Мне следовало быть там. Это непростительно, однако я не смог: утром после краткого пребывания в больнице я проснулся таким измученным, таким отвратительно старым, что позвонил в школу и сказал Бобу Страннингу, что не приду.

— Э-э, я, собственно, и не рассчитывал, — удивленно ответил Страннинг. — Я полагал, что вас продержат в больнице по крайней мере все выходные. — Официальный ханжеский тон не сумел скрыть его неодобрения, почему же этого не сделали. — Я могу обеспечить вам замену на полтора месяца. Не беспокойтесь.

— Не нужно. Я выйду в понедельник.

Но к понедельнику объявились новости: в моем классе было проведено расследование, вызвали и допросили свидетелей, обыскали шкафчики, обзвонили всех сотрудников. Доктор Дивайн, как ответственный за соблюдение правил здоровья и безопасности, дал консультацию — он, Слоун, Страннинг, Главный и председатель Правления доктор Пули долго просидели с Андертон-Пуллитами в кабинете Главного.

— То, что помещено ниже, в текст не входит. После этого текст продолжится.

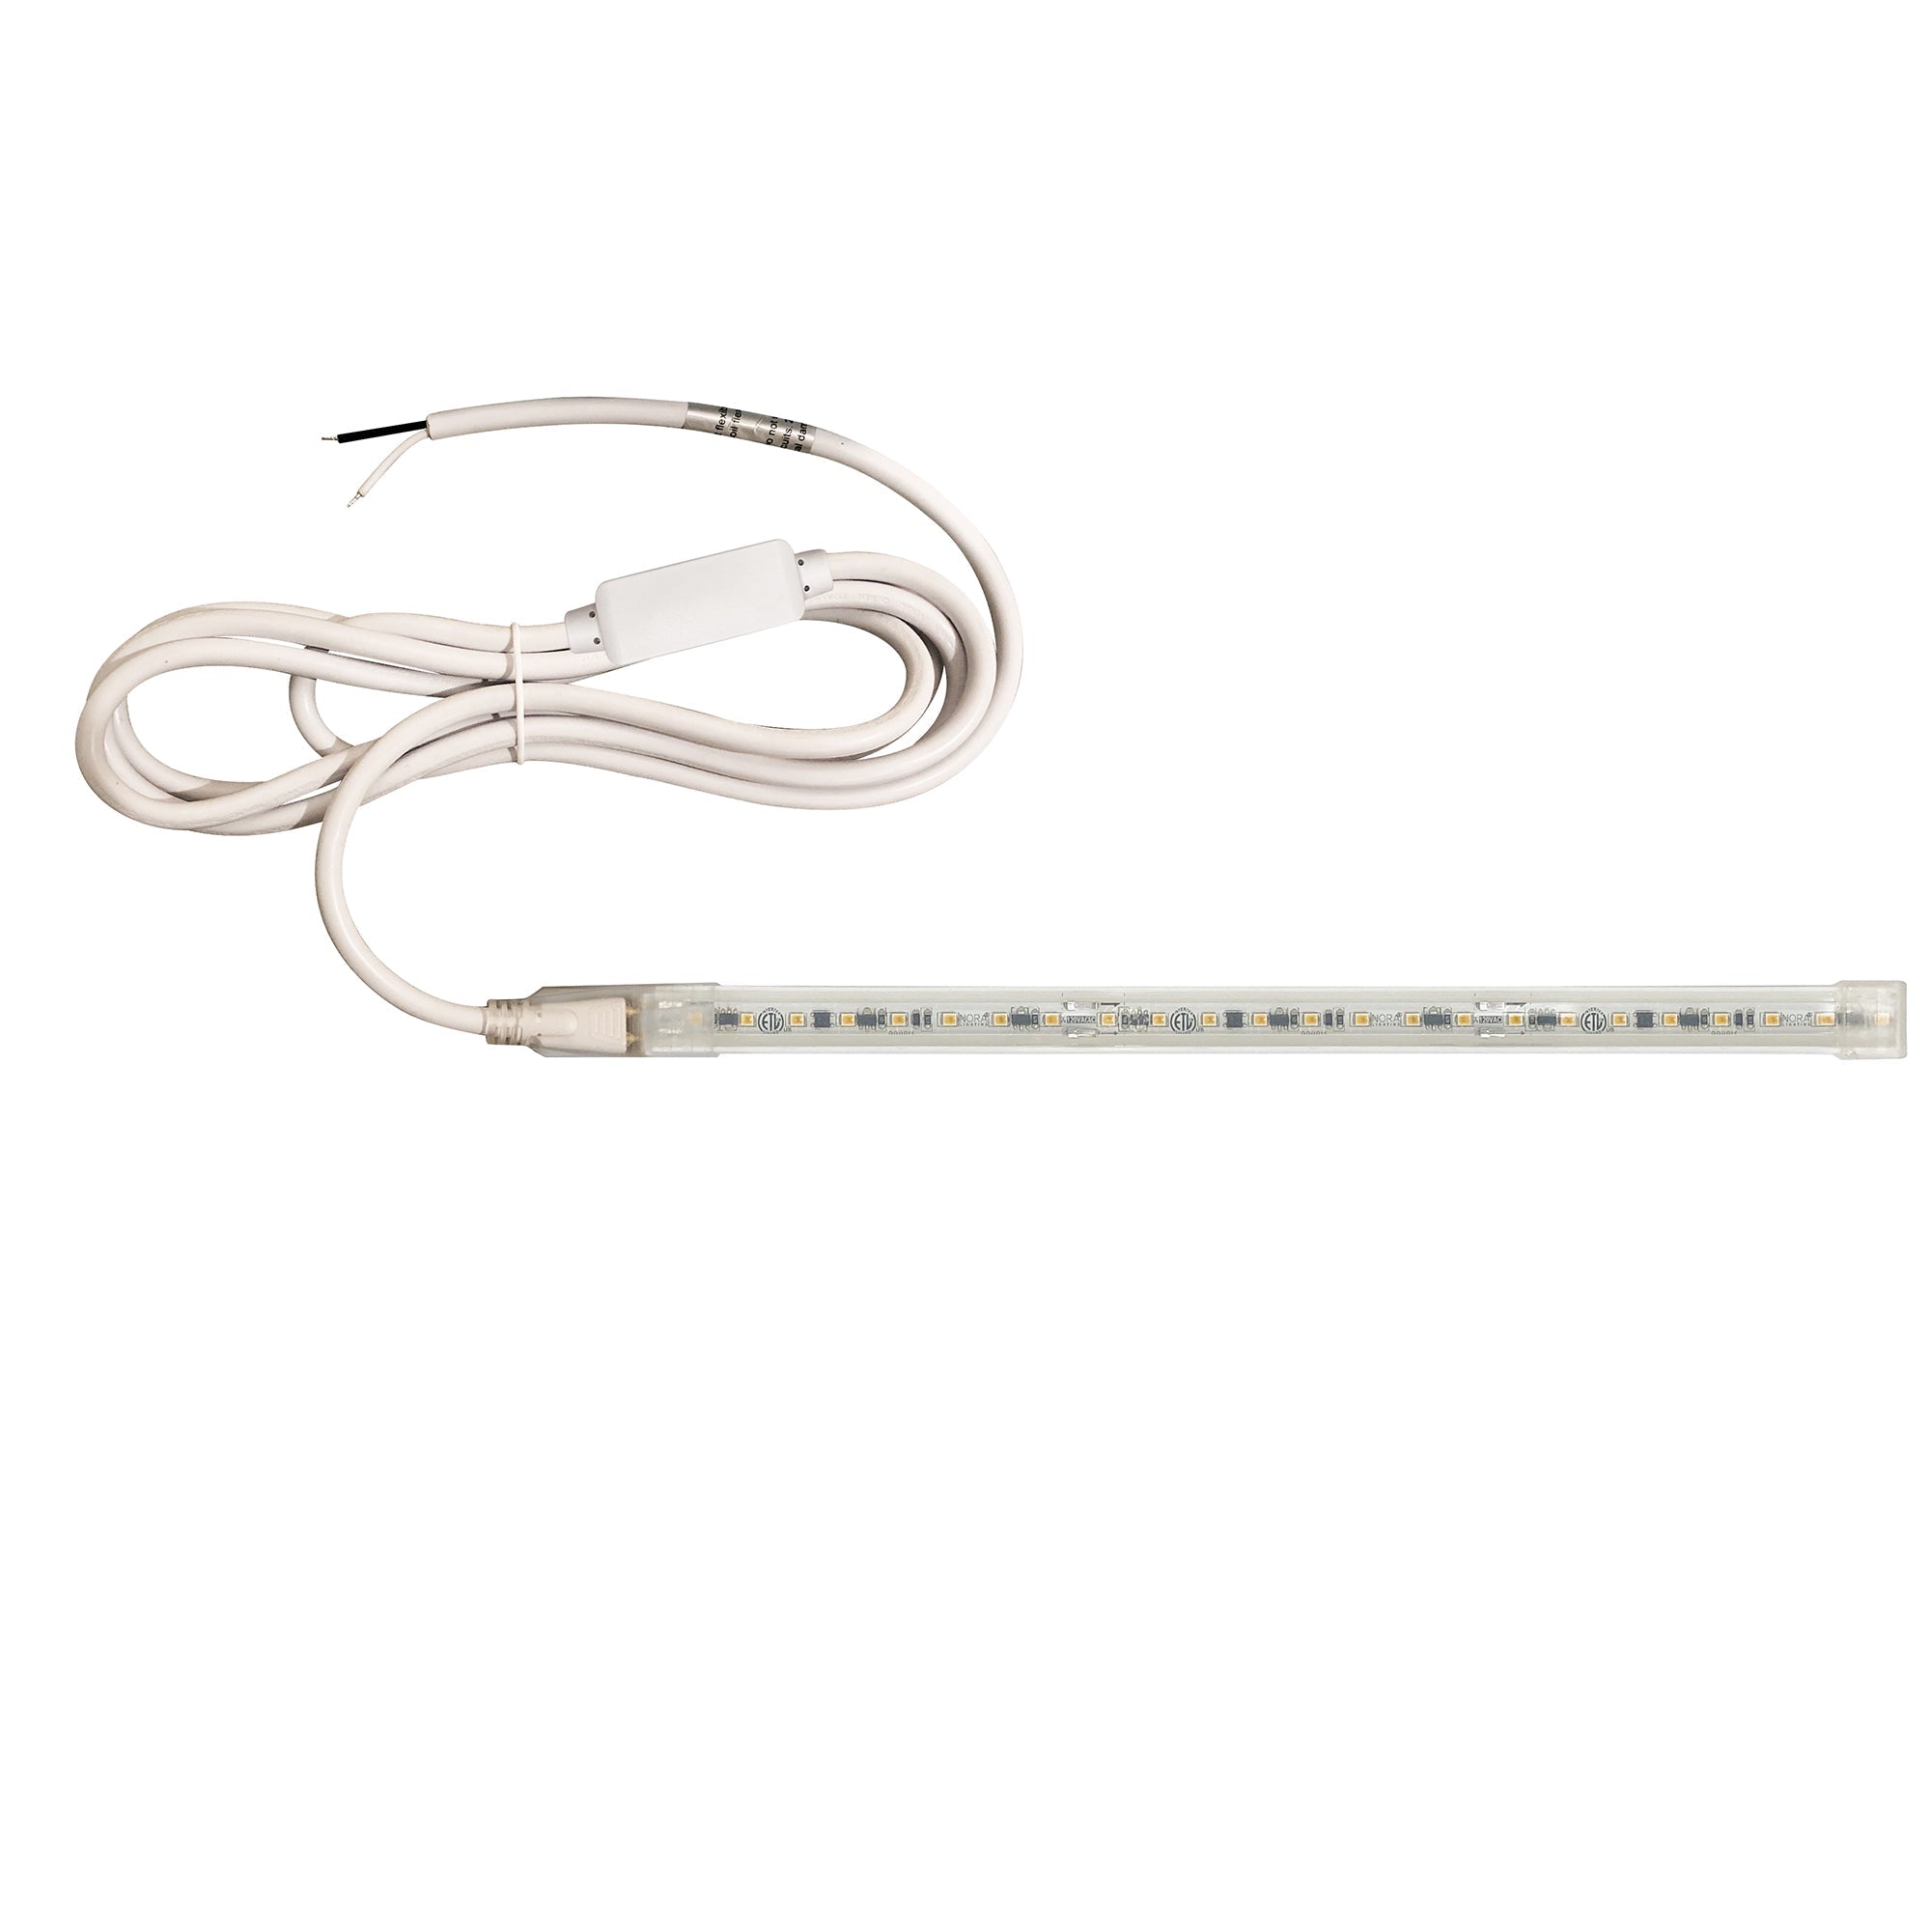 Nora Lighting NUTP13-W56-12-930/HWSP - Accent / Undercabinet - Custom Cut 56-ft 120V Continuous LED Tape Light, 330lm / 3.6W per foot, 3000K, w/ Mounting Clips and 8' Hardwired Power Cord w/ Surge Protector

Результат: когда я вернулся в школу в понедельник утром, класс стоял на ушах. То, что случилось с Коньманом, затмило даже недавнюю — и в высшей степени неблагоприятную — статью в «Икземинере», которая приводила к мрачному выводу, что в Школе завелся тайный информатор. Результаты директорского расследования были неопровержимы: в день несчастья Коньман купил в школьной кондитерской пакетик арахиса и принес его в класс во время обеденного перерыва. Сначала он это отрицал, но нашлись свидетели, которые это помнили, в их числе один преподаватель. В конце концов Коньман признал: да, он купил арахис, но не клал орехов в банку. Кроме того, говорил он со слезами на глазах, ему нравится Андертон-Пуллит и он ни за что не сделал бы ему плохо.